保留稀疏矩阵中所有列的前N个和后N个记录,并将所有其他非零元素设置为零

时间:2017-01-22 00:37:17

标签: r

我有一个大的稀疏矩阵,并希望保留所有列的前N个和后N个记录(对于此示例N = 2)并用零替换所有其他非零元素。我所遵循的当前方法是,通过生成原始矩阵的秩矩阵,然后使用它来保留前N个和后N个元素。

此示例的问题是,所有列中非零元素的总数不唯一。

以下是可重现的代码。

TestMatrix = Matrix(c(0,100,12,0,11,1,2,3,4,5,0,31,29,0,28,69,61,0,72,27,0,0,0,0,5,19,0,0,17,33),6,sparse = TRUE)
n <- diff(TestMatrix@p)  ## number of non-zeros per column
lst <- split(TestMatrix@x, rep.int(1:ncol(TestMatrix), n))  ## columns to list
r <- unlist(lapply(lapply(lst,function(x) x * -1), rank))   ## column-wise ranking and result collapsing
RankMatrix <- TestMatrix  ## copy sparse matrix
RankMatrix@x <- r  ## replace non-zero elements with rank
#Once the rank matrix is obtained I use something like

TestMatrix[(RankMatrix <= 1) | (RankMatrix > 3)] = 0 #This particular snippet is just trying to show what I want to achieve. 

1 个答案:

答案 0 :(得分:1)

以下是我的解决方案。我只是想知道它是否可以在处理大型稀疏矩阵时进行优化。

TestMatrix = Matrix(c(0.80,0.9,0.6,0,0,0.3,0.5,
         0,0,0.3,0,0,0,0,
         0.4,0.5,0.6,0,0,0.1,0,
         0,0,0,0,0,0,0,
         0.3,0.4,0.5,0.2,0.1,0.7,0.8,
         0.6,0.7,0.5,0.8,0,0,0),7,sparse = TRUE)
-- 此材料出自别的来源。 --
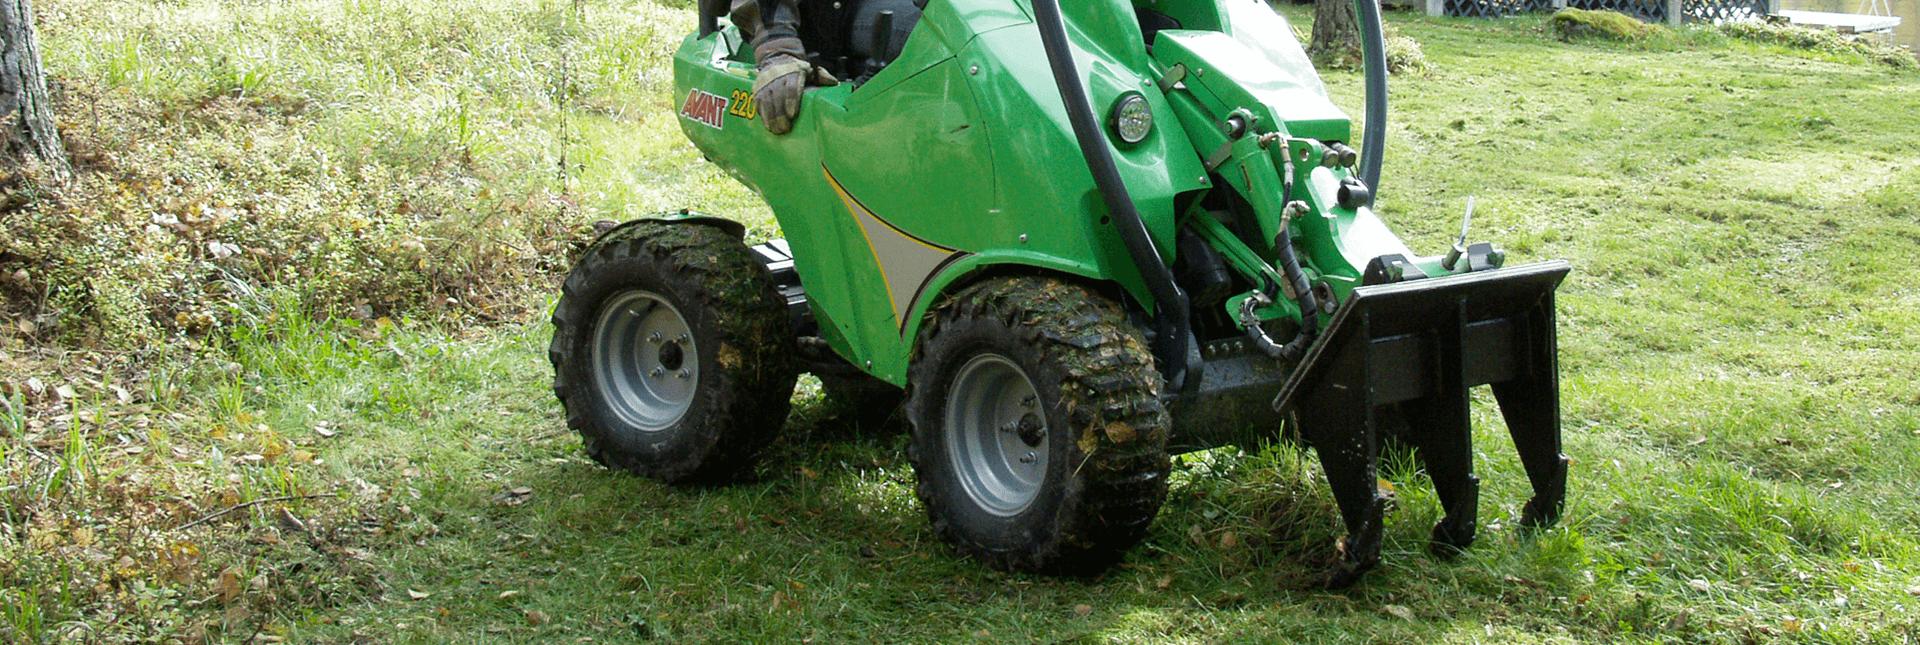 arbejdsbillede af grubber redskab til avant, beregnet til at fjerne rødder og løsne jord

n <- diff(TestMatrix@p)  ## number of non-zeros per column
lst <- split(TestMatrix@x, rep.int(1:ncol(TestMatrix), n))  ## columns to list
r <- unlist(lapply(lapply(lst,function(x) x * -1), rank))  ## column-wise ranking and result collapsing
RankMatrix <- TestMatrix  ## copy sparse matrix
RankMatrix@x <- r  ## replace non-zero elements with rank

#TestMatrix
#7 x 6 sparse Matrix of class "dgCMatrix"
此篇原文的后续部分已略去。